GAUCHE DÉMOCRATIQUE & SOCIALE

Le social au cœur Actions & Campagnes politiques

1) Est-ce que la « méthode » d’un sommet social était bonne ?

Cher(e)s député(e) s de gauche,

En même temps qu’à des millions de salariés c’est à vous que s’adresse cette analyse.

L’ANI signé boulevard de Wagram le 11 janvier arrive en Conseil des ministres le 6 mars. L’avant projet de loi vient tout juste d’être disponible. Puis il arrivera au Parlement fin mars, courant avril. C’est vous qui allez avoir, avant mai, la décision entre vos mains.

On nous dit qu’il y aurait une « procédure d’urgence » et une seule lecture ? Pourquoi ? N’a t on pas pris le temps parlementaire régulier pour quantité de récentes lois ? Or là, l’enjeu est plus grave, plus déterminant encore. Ce sera sans doute la loi la plus décisive depuis le début du quinquennat.

Or le projet d’accord conclu le 11 janvier 2013 boulevard de Wagram entre le patronat et une minorité syndicale ne devrait pas être repris par la majorité de gauche au Parlement.

Prenez le temps de l’examiner, bien en détail, comme nous le faisons ci dessous, car il marquerait si vous l’adoptiez, une grave régression des droits sociaux des salariés.

Ce fut pourtant une excellente idée d’envisager un sommet social après les élections présidentielles et législatives. Encore eut il fallu qu’il soit un « sommet historique » occasion d’un débat et d’une mobilisation dans tout le pays sur la reconstruction sociale à mettre en œuvre après dix ans de destruction sociale de la droite sarkozyste et du Medef… .

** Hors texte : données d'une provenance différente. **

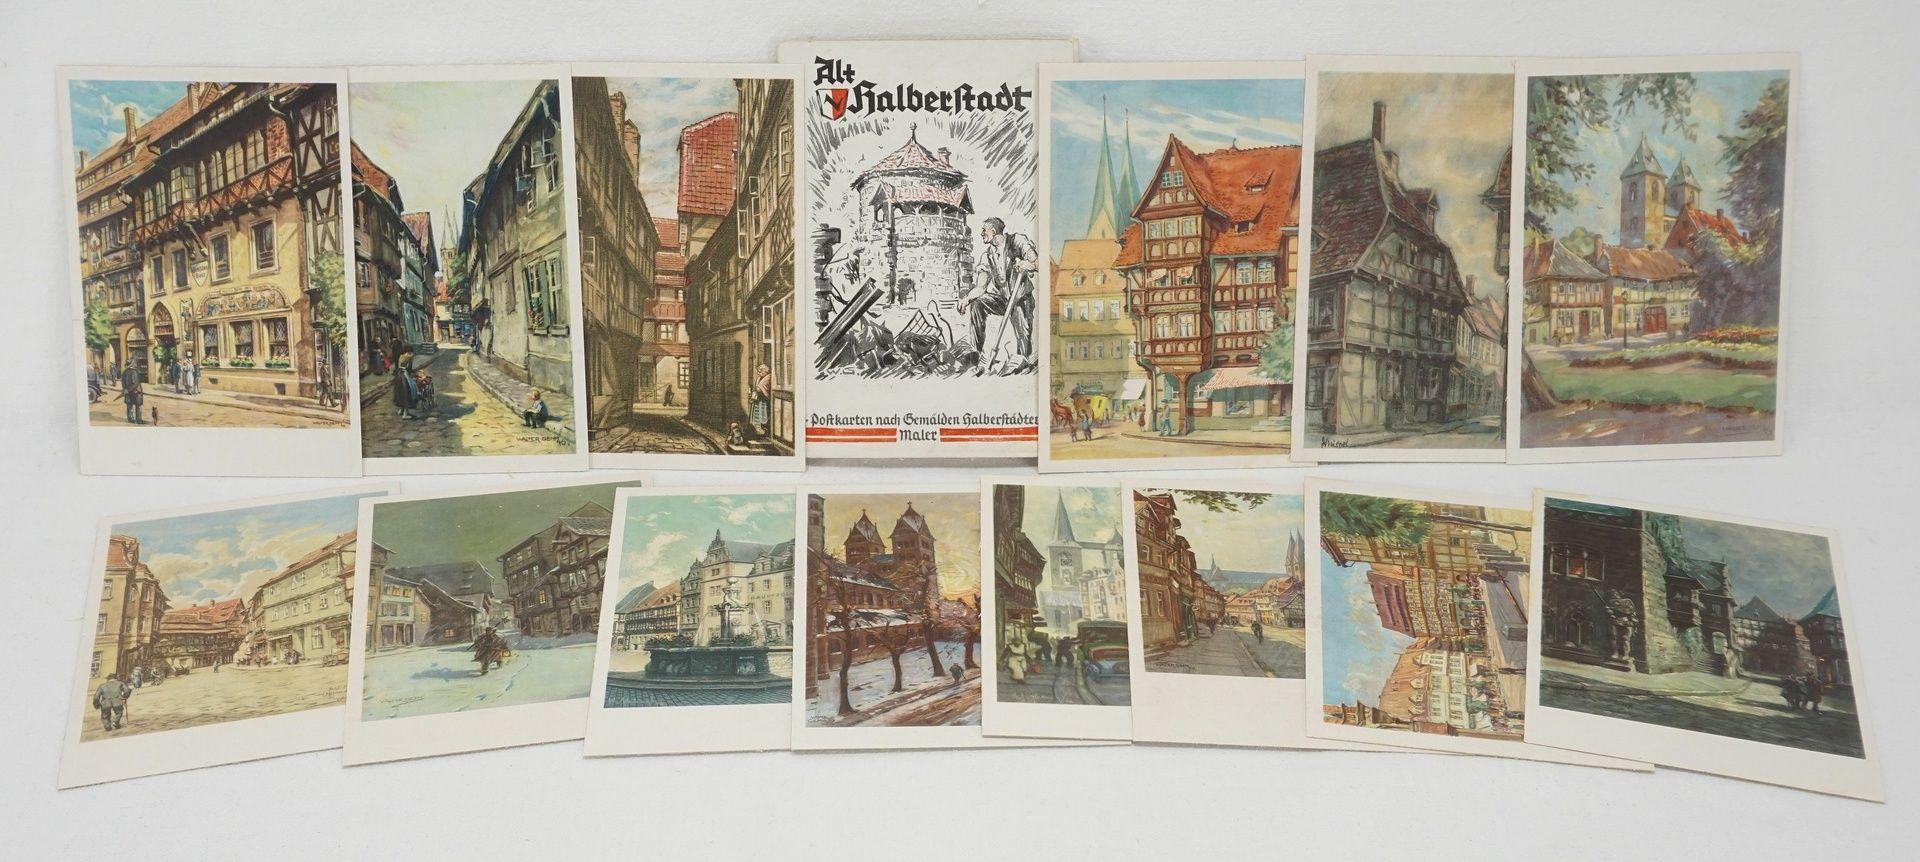 Kunstdruckmappe und Postkarten, Halberstadt am Harz - Bild 7 aus 7

La droite avait tellement cassé le droit du travail de 2002 à 2012 (lois Fillon, Larcher, Bertrand… recodification du code du travail, etc.) qu’il fallait le reconstruire, éradiquer la précarité.

Il était nécessaire de chercher à impliquer le patronat, en dépit de son hostilité, dans la lutte contre le chômage, contre les licenciements. Il fallait ré-augmenter les salaires bloqués depuis dix ans et donner des droits nouveaux en termes de santé, sécurité, conditions de travail. Les propositions concrètes de reconstruction du code du travail ne manquaient pas. Encourager les salariés, les mobiliser, c’était le moyen de sortir plus vite et plus surement de la crise, tout en confrontant le patronat à ses responsabilités, éventuellement à ses dérobades ou a son agressivité..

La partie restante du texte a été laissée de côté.